● Recorded information
== Segment start ==

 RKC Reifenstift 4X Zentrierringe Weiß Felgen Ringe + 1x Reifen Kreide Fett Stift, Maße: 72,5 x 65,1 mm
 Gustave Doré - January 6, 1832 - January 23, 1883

== Segment end ==
== Segment start ==

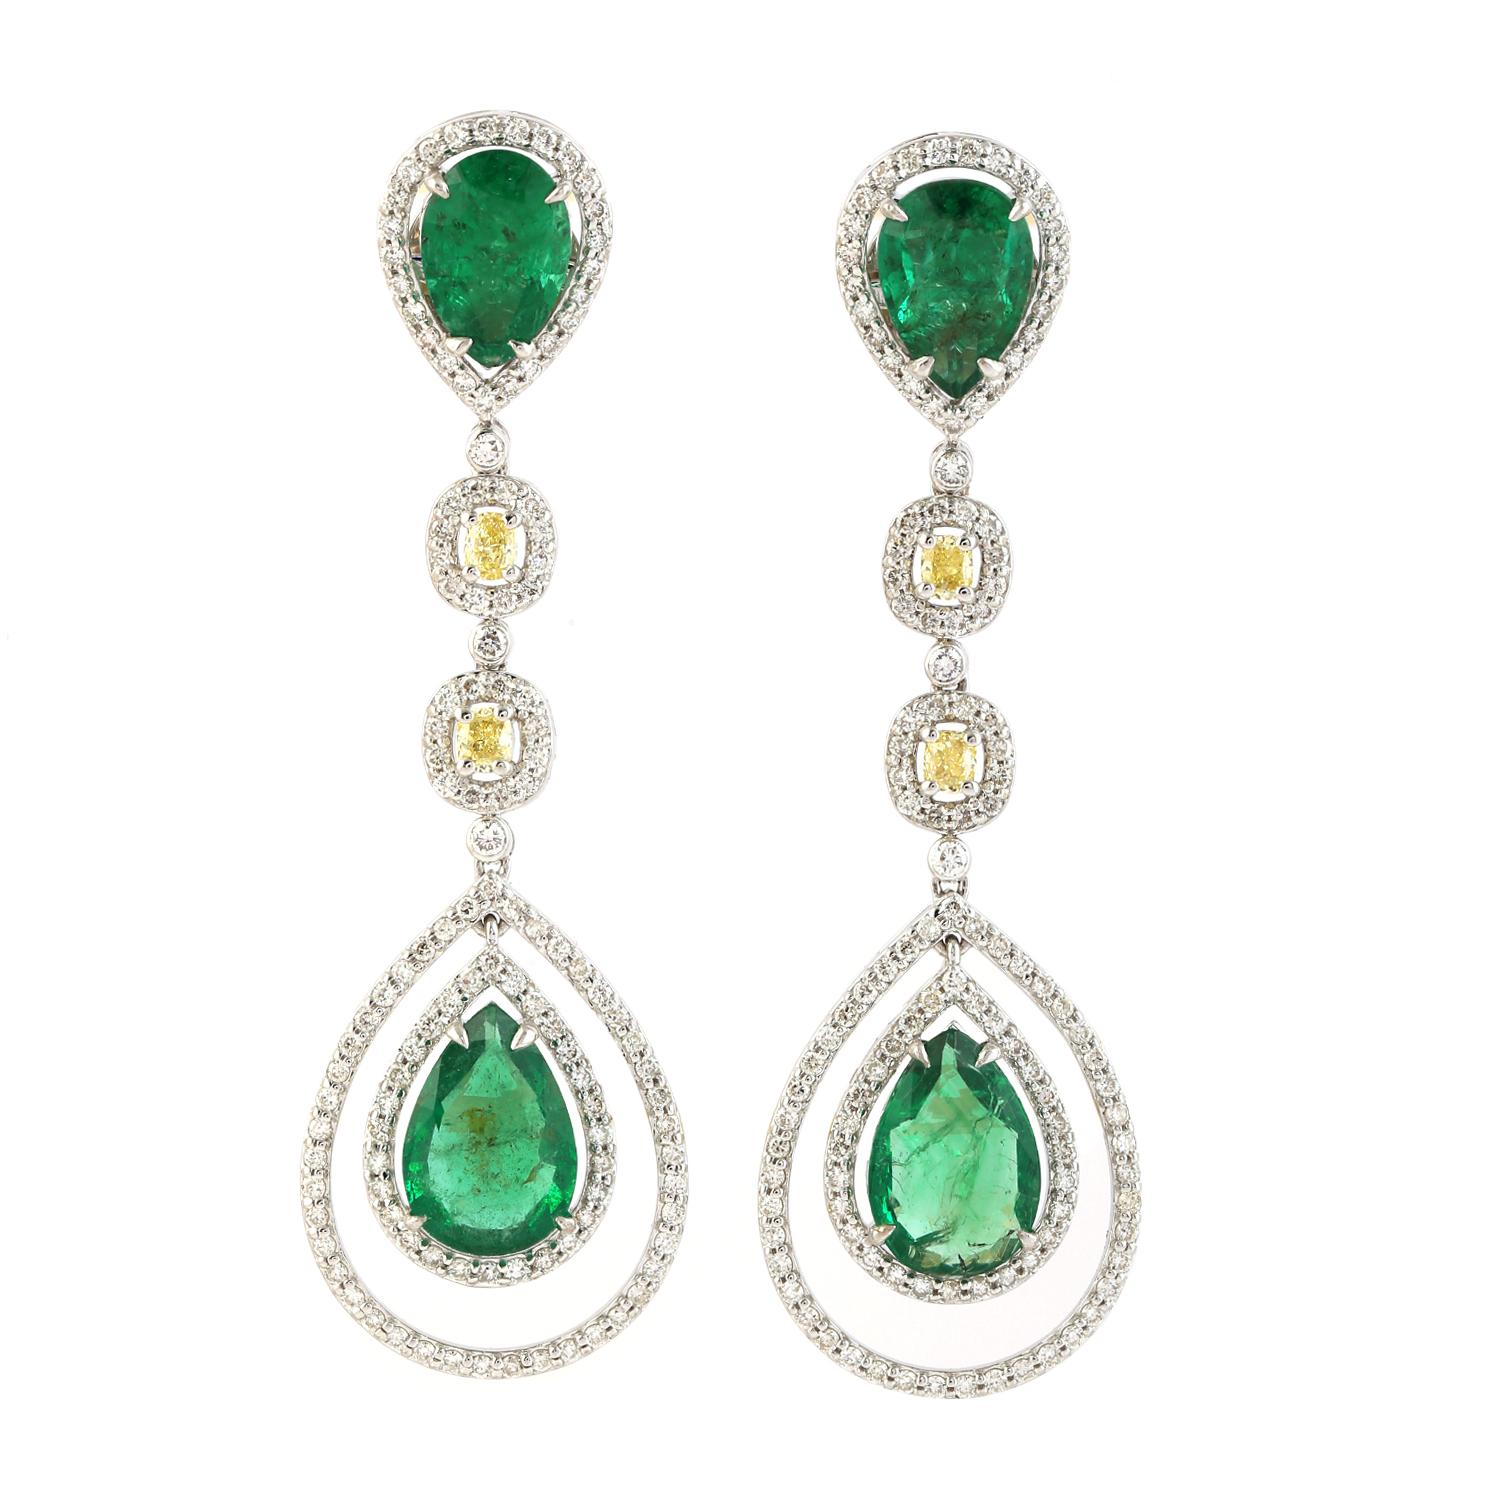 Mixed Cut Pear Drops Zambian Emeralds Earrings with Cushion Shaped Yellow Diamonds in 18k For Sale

== Segment end ==

● Required action
Extract from the records above the lines from the one containing "RKC Reifenstift 4X" to the one containing "Gustave Doré - January", both lines included, exactly as they appear and with nothing else.

● Output for this task
 RKC Reifenstift 4X Zentrierringe Weiß Felgen Ringe + 1x Reifen Kreide Fett Stift, Maße: 72,5 x 65,1 mm
 Gustave Doré - January 6, 1832 - January 23, 1883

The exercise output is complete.